Time isn’t infinite, you can’t just do what you want all the time. Projects have deadlines, some tasks are more important than others. In the end, being a productive solver of data problems requires that you understand where to put time, and where not to put time.
Aligned with the business and product.
A related topic is being in sync with business and product in your organization. Like it or not the Product and other business teams are critical to the success of the company you work for. They have valid view points and needs.
Ignoring the needs of teams outside of Data, or not prioritizing them above your own needs will have serious negative impact.
If you are not a team player it’s unlikely you will make to the Senior level, and have little chance of moving past that point. Being seen as someone who provides organizational value is a big deal for your career and your journey towards a Senior level roll and higher.

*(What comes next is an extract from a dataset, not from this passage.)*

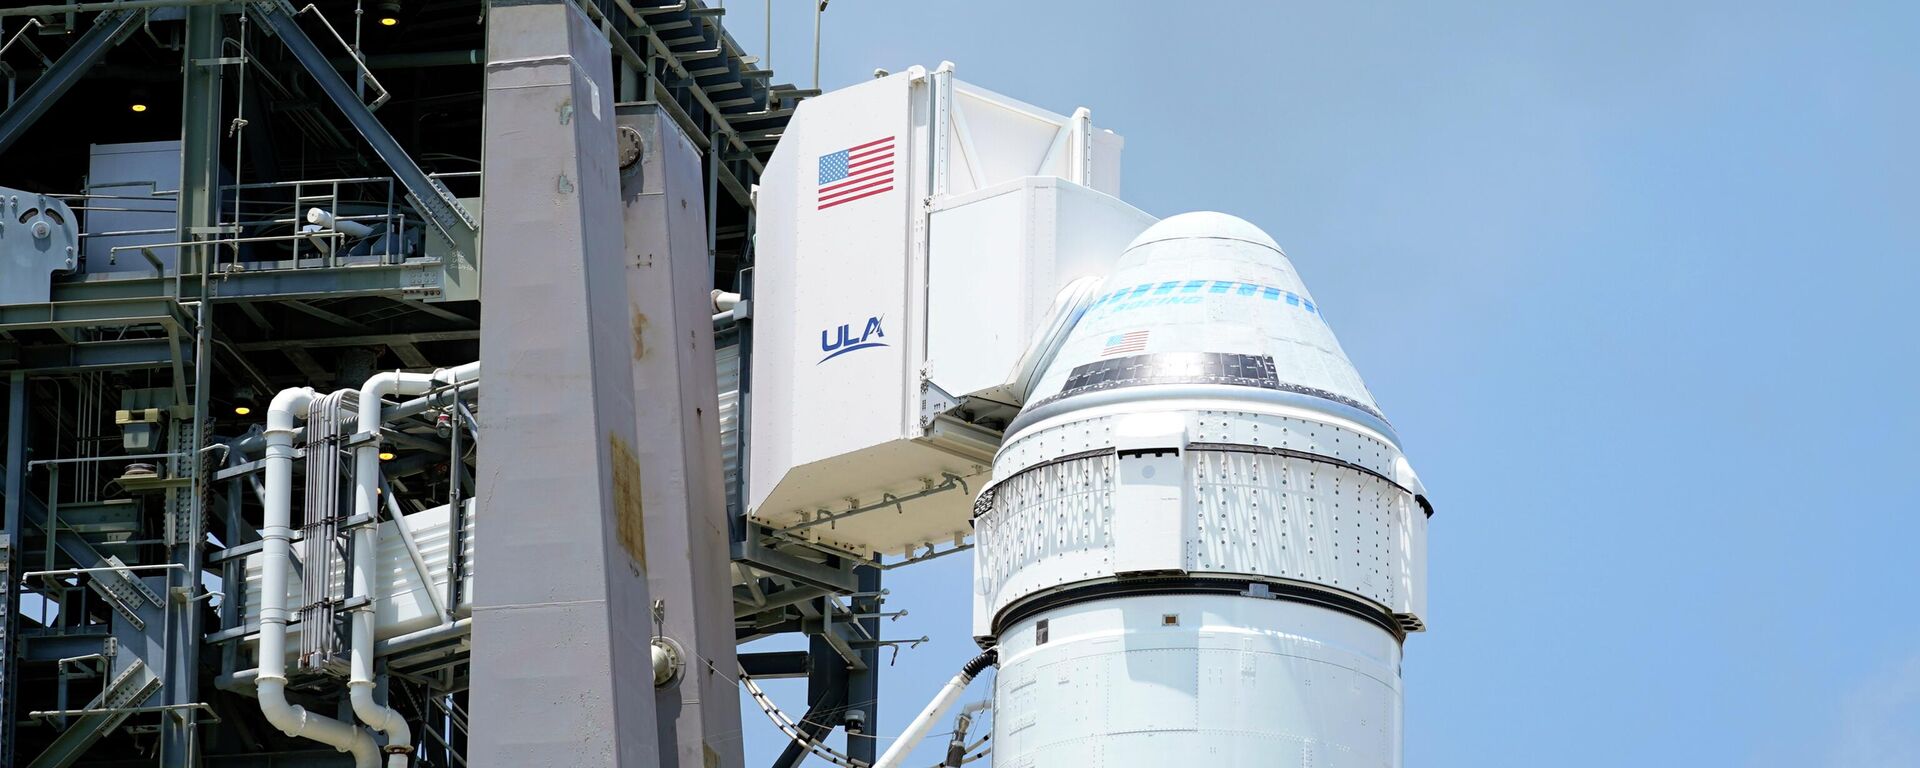 Boeing's CST-100 Starliner spacecraft sits atop a United Launch Alliance Atlas V rocket, on Space Launch Complex 41 at the Cape Canaveral Space Force Station ready for the second un-piloted test flight to the International Space Station, Thursday, July 29, 2021, in Cape Canaveral, Fla. - Sputnik International, 1920, 13.05.2022

Works hard to write good, clean code.
I do want to emphasize that writing good clean code, and being at the top of your game is almost a prerequisite for becoming a Senior Data Engineer, or at least should be. Data Teams will look to you, as a Senior, to model best practices at all times and in all the work you do.
Writing good unit tests.
Writing DRY code.
Keeping KISS at the front.
OOP or Functional, doing it well.
Knowing and keeping best practices.
Not taking short-cuts.
Taking the time to write readable, well documented, and maintainable code.
I’m not saying you have to be perfect or the top of your craft. But you should be on your way and that should be the trajectory of the projects and code you work on. Not everything is going to be perfect all the time. We make mistakes and take shortcuts when we shouldn’t. But, that isn’t who a Senior Data Engineer is.
In summary.
Of course I don’t think this list is all inclusive of what it takes to become a Senior Data Engineer, this is just my take based on my experience. There are all things I wish I knew in the beginning, of course I still would have had to learn them and work on them, but knowing this would have been helpful.
I was under the harmful impression in the beginning of my data life that all I needed to do was work on becoming the best at SQL and the best at programming. This just simply isn’t the case. In fact, if that’s all you do, it could be harmful to your long term career.
Learning to work with others and build no-technical skills is just as, if not more, important.